Perhaps we'll have a U.S. dollar crisis, as many fear. With two wars to fight, millions out of work, a quarter of all home mortgages under water, and no clear plan to get out of this mess -- other than a geyser of public cash or debt guarantees, now at $11 trillion and counting -- it's hard to see a happy ending. Quite simply, the U.S. has lost its mojo. It's not just broke. It's bankrupt of ideas.
The nation that gave us inventive geniuses like Henry Ford and Thomas Edison is now in the casino biz. With Wall Street's help, the Fed inflates speculative bubbles to buy time and paper over its messes. The huge stock market rally that began last March is built on one thing: cheap money. I'm sorry I missed it, of course. I could have used the dough. But when it ends, as it inevitably will, it won't be pretty. Meanwhile, America's once-vaunted innovation machine has gone missing in action. R&D budgets have shrunk, vencap funds have gotten gun shy, and U.S. factories stopped making stuff the world wanted (and could afford) long ago, ceding their turf to China.

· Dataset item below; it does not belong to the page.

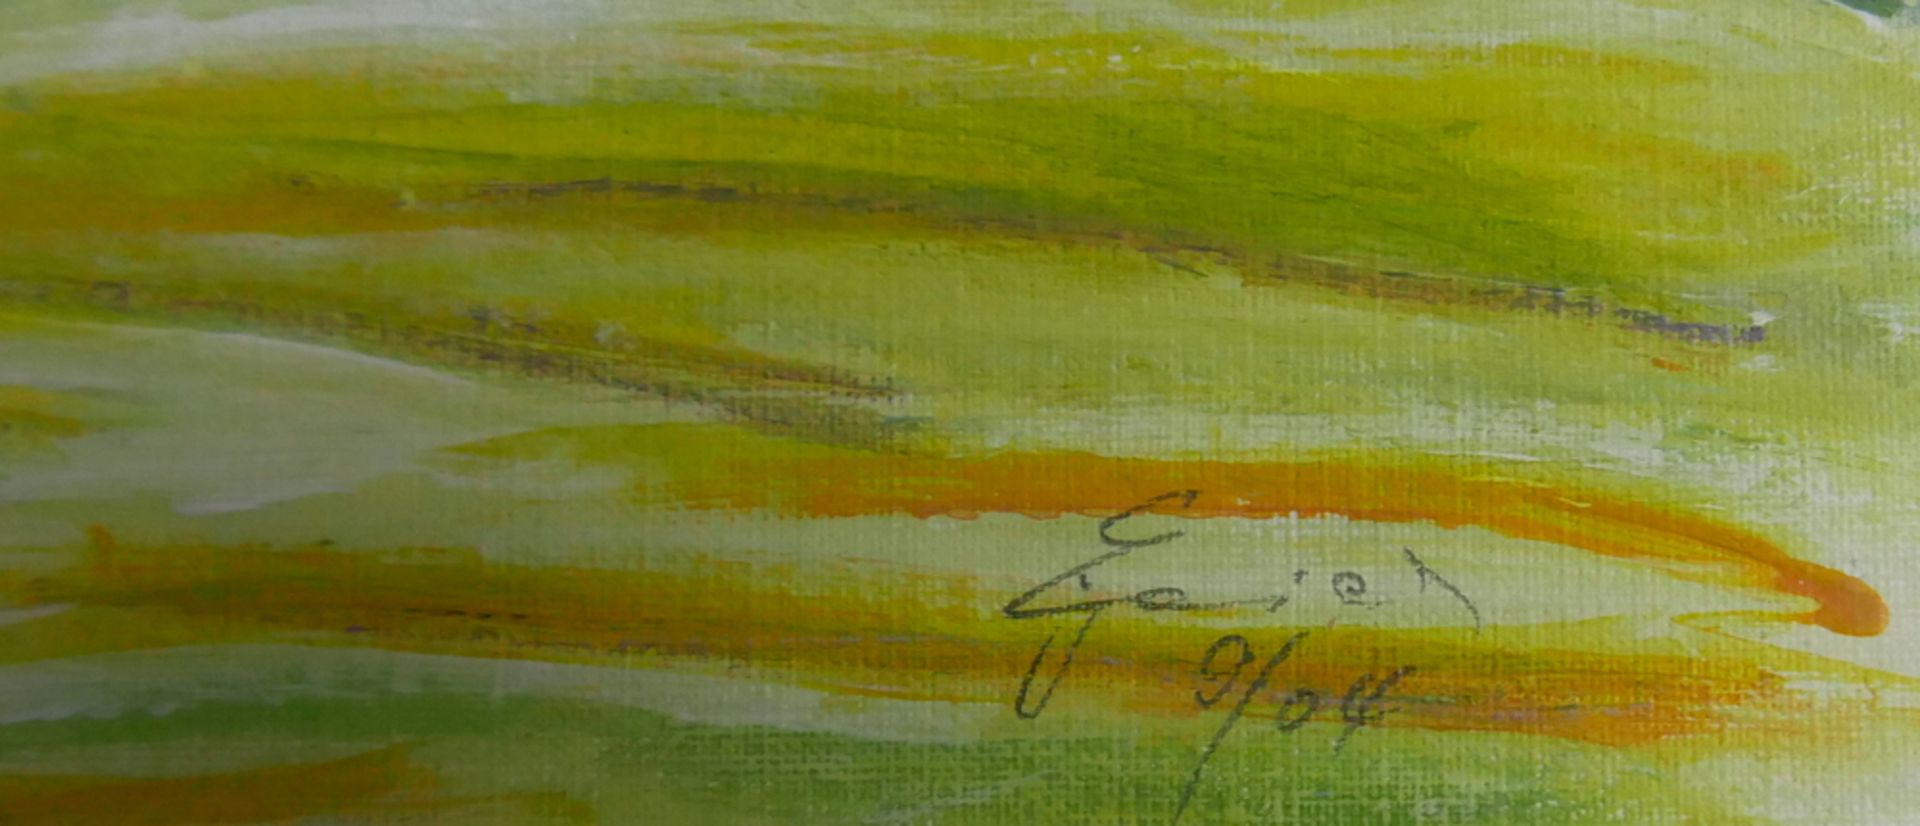 Aquarell "Landschaftsmalerei" hinter Glas gerahmt, rechts unten unleserliche Signatur. Gesamtmaße: - Bild 2 aus 2

The eggheads said don't worry, the value-added product-design jobs will remain in America. Which is a nice concept, but lousy math. Most of the 15 million Americans who are jobless or underemployed don't have PhDs in chemical engineering. They're worker bees, ill-equipped to design new computer chips or wonder drugs. Throughout the recession, offshoring by U.S. companies to places like India and the Philippines actually increased, not decreased. And the big brains still wonder why job losses were so deep over the last year. Perhaps they should visit Detroit. The city that once symbolized U.S. industrial might is now talking about turning its thousands of vacant lots or derelict homes into a giant urban farm. That's a good start, I figure. Carrots and tomatoes have more intrinsic value than much of the garbage Wall Street's "innovators" produced in recent years. In retrospect, most economists mistook Wall Street's dubious -- even fraudulent -- paper shuffling for economic growth. In fact, it was all a giant con. Even the major U.S. business publications -- hardly a hotbed of left-wing radicalism -- agree that Wall Street is largely to blame for the economic implosion.
The kicker? It doesn't matter who sits in the White House, it seems. Like the Republicans, the Obama crew hasn't done a thing to address Wall Street's excesses, beyond mouthing a few a few vacuous sound bites about "fat cat" bankers. There's no serious talk about breaking up "too big to fail" banks like Goldman Sachs, and all the yapping about executive bonuses is mostly for show. In the wake of the economic collapse, Wall Street parties on, while millions of working stiffs now rely on food stamps to buy groceries. Bank profits and bonuses are soaring, thanks to taxpayer-funded bailouts, access to zero-interest funds from the Fed, and such wonders as high-frequency computer trading, which enables banks like Goldman to shove retail investors to the back of the queue. That's not capitalism, or the free market. That's a market that's rigged, for the benefit of the few, at the expense of the many.
In moral terms, or democratic terms, it's easy to see what all this amounts to: a big fat zero.